Invited Talk: Dr. Min Kyu Kim presented our learning measures and approach to machine teaching

February 26, 2024

Dr. Min Kyu Kim, our director, was invited to present at the NSF-ALOE Learning and Management Discussions on February 26th. His presentation was about the SMART project's learning measures and approach to machine teaching.

Dr. Kim discussed the various learning metrics utilized within the SMART project, starting from outlining the theory of change guiding our work, highlighting our research questions, and explaining the tools we use for data collection. Additionally, he addressed the successful strategies we've implemented, the challenges we face, and our efforts to improve data collection scalability. Dr. Kim also touched upon our team's approach to machine teaching, focusing on the use of generative AI for expert modeling. He briefly mentioned our upcoming pilot test plans and W.R.I.T.E. development as well.

Hyunkyu Han joins as a graduate research associate.

Hyunkyu Han joins as a graduate research associate.

January 22, 2024

Let's welcom Hyunkyu, our new graduate research associate.  
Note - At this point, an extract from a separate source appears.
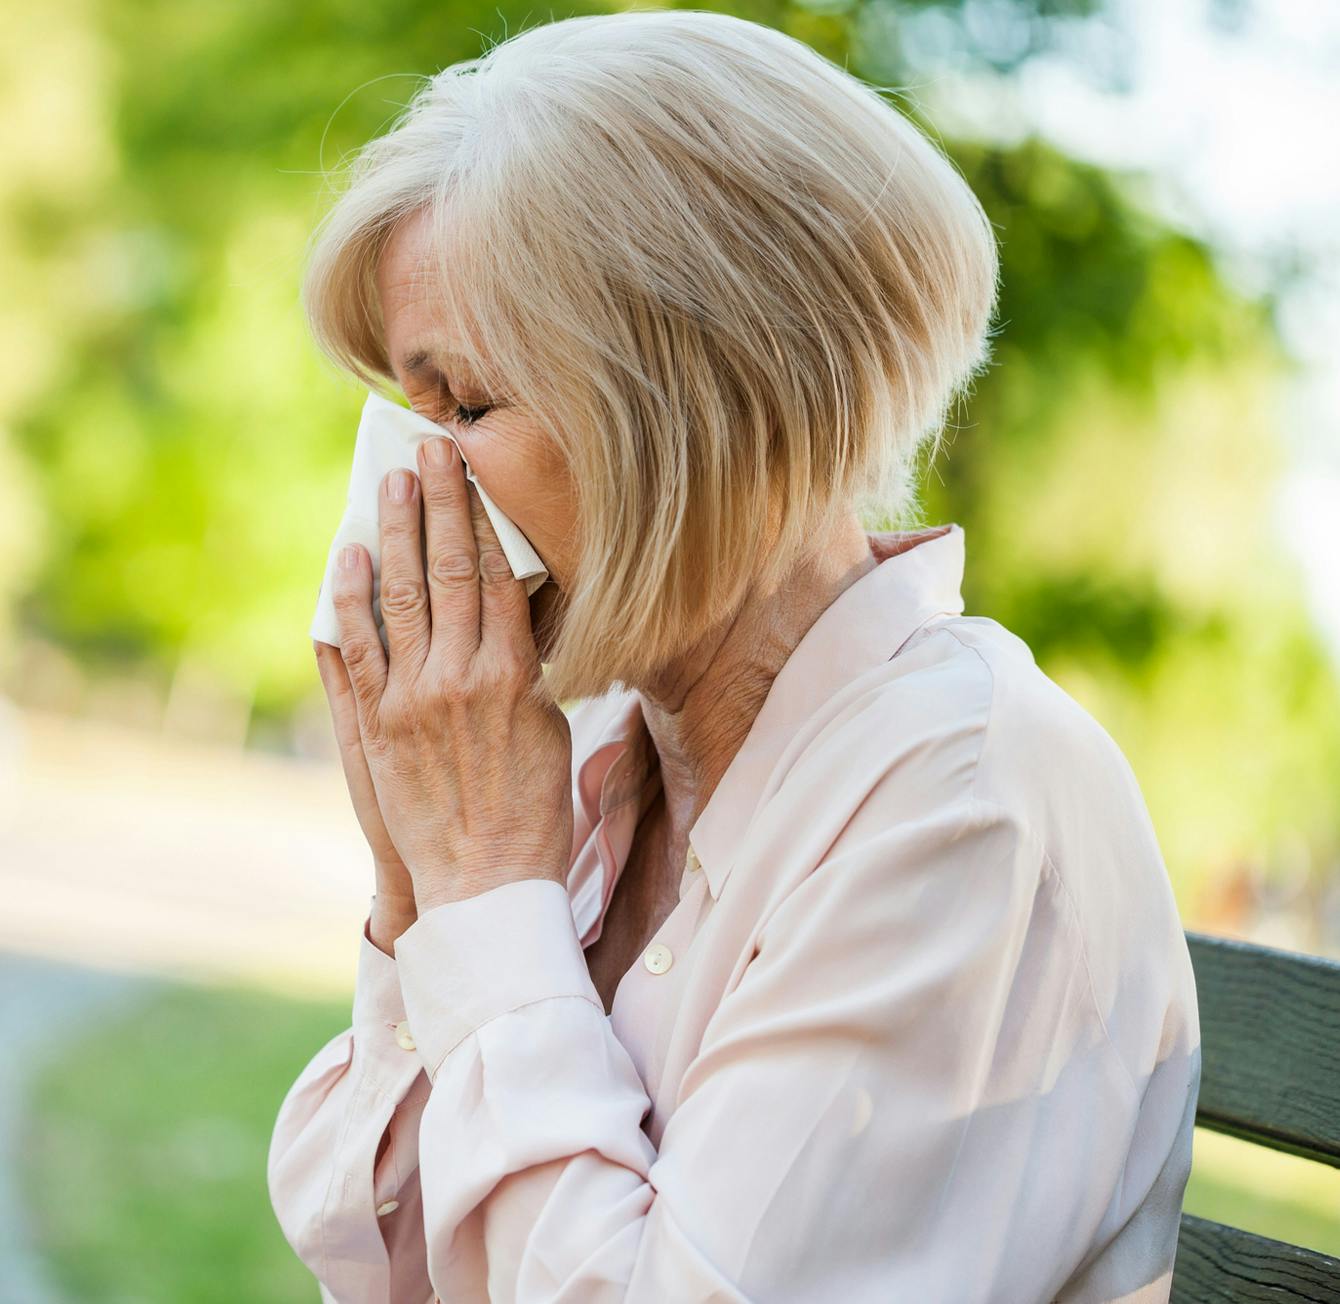 an image of an older woman blowing their nose into a tissue
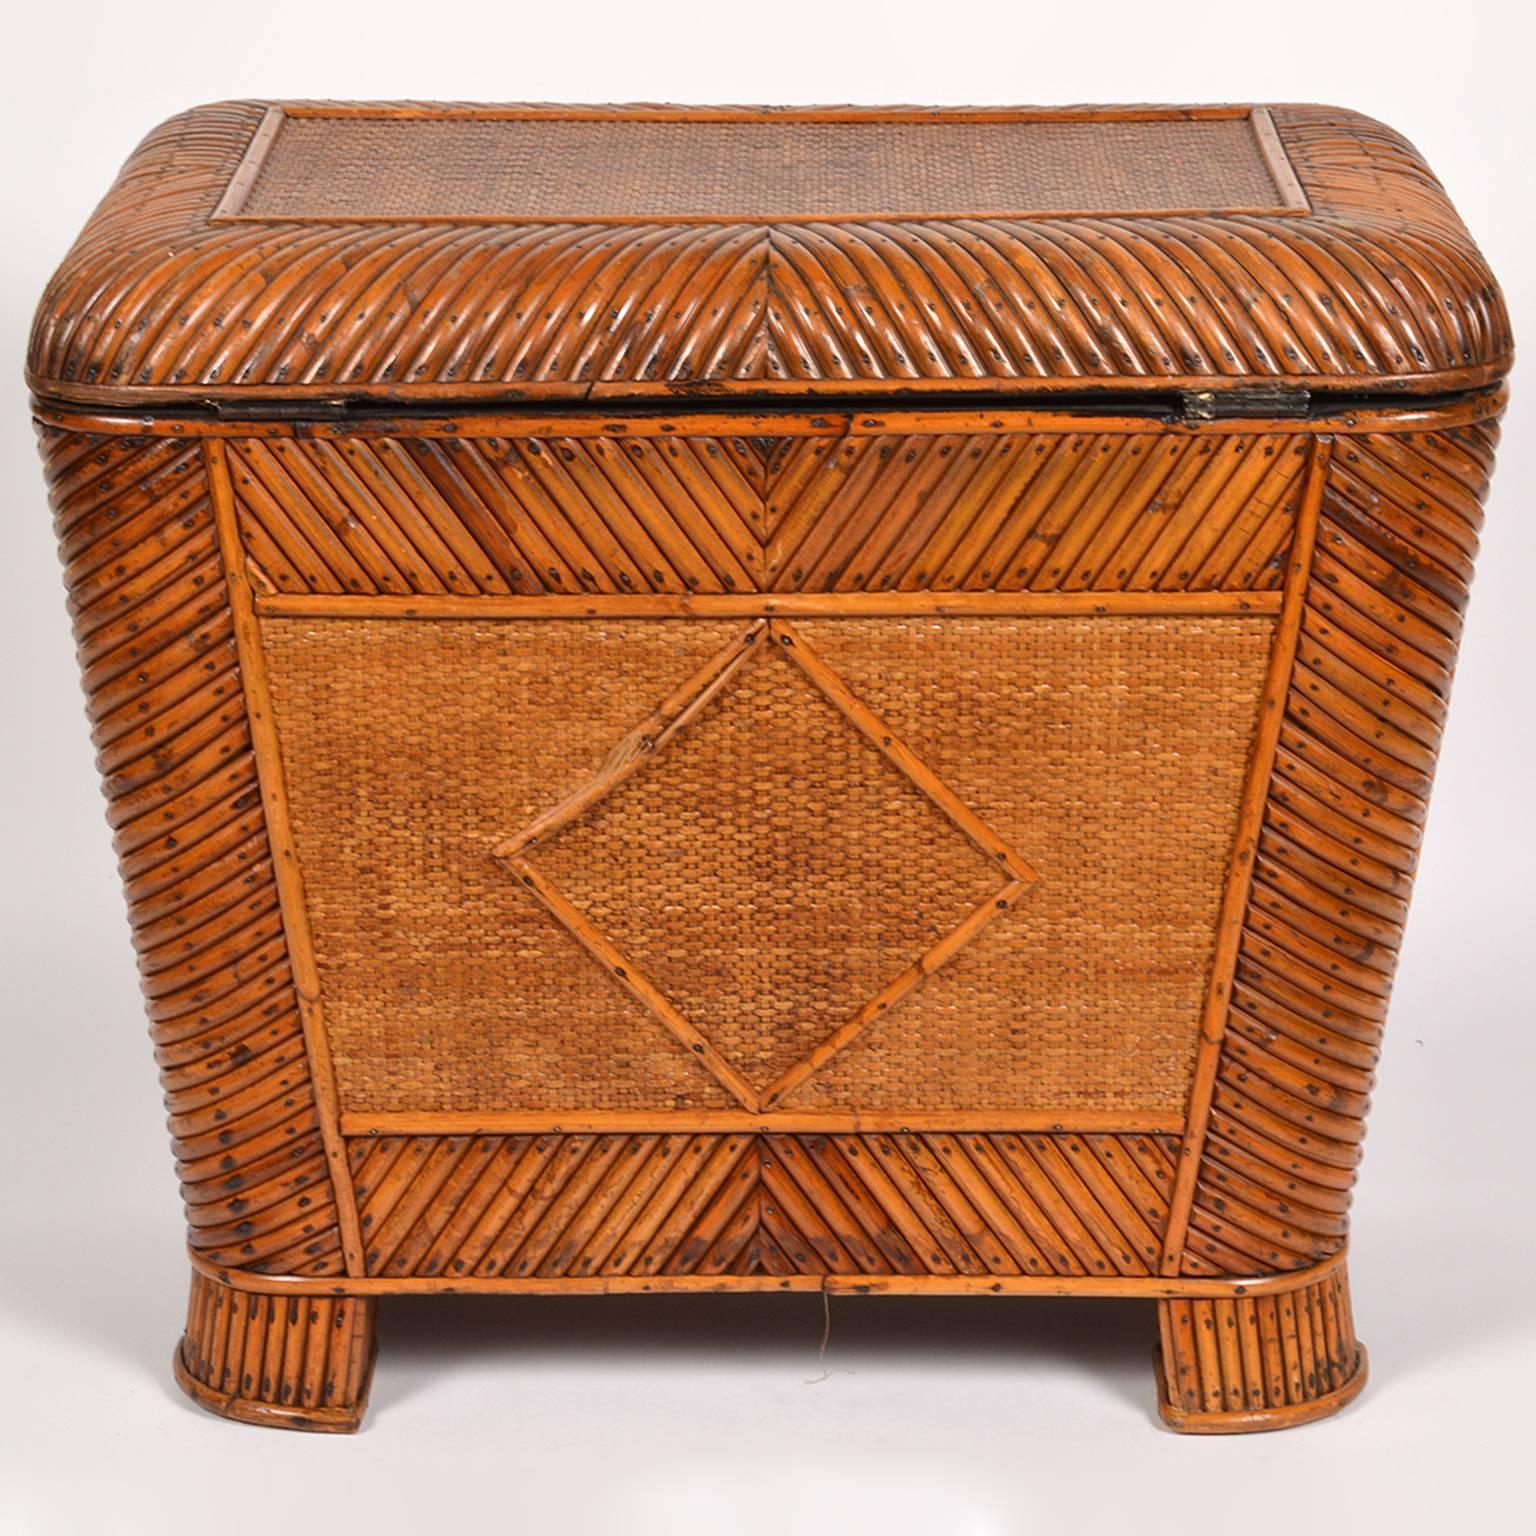 19th Century English Patterned Bamboo and Raffia Weave Covered Storage Box 4

Hyunkyu joins our lab. She earned a Master's in Educational Technology from Yonsei University, South Korea and an undergrad in Elementary Education from Gongju National University of Education. Currently, she is an elementary school teacher in South Korea. Her research interests involve leveraging AI to create personalized learning environments that cater to the needs of learners and implementing AI-augmented active learning strategies.

Hyunkyu particularly focuses on the NSF-IUSE project in which she will lead the design of AI-augmented pre-classroom learning activities and strategies. The goal is to facilitate learners' smooth transition from pre-classroom to in-classroom learning and from self-paced to collaborative and hands-on learning in large-sized introductory physics courses.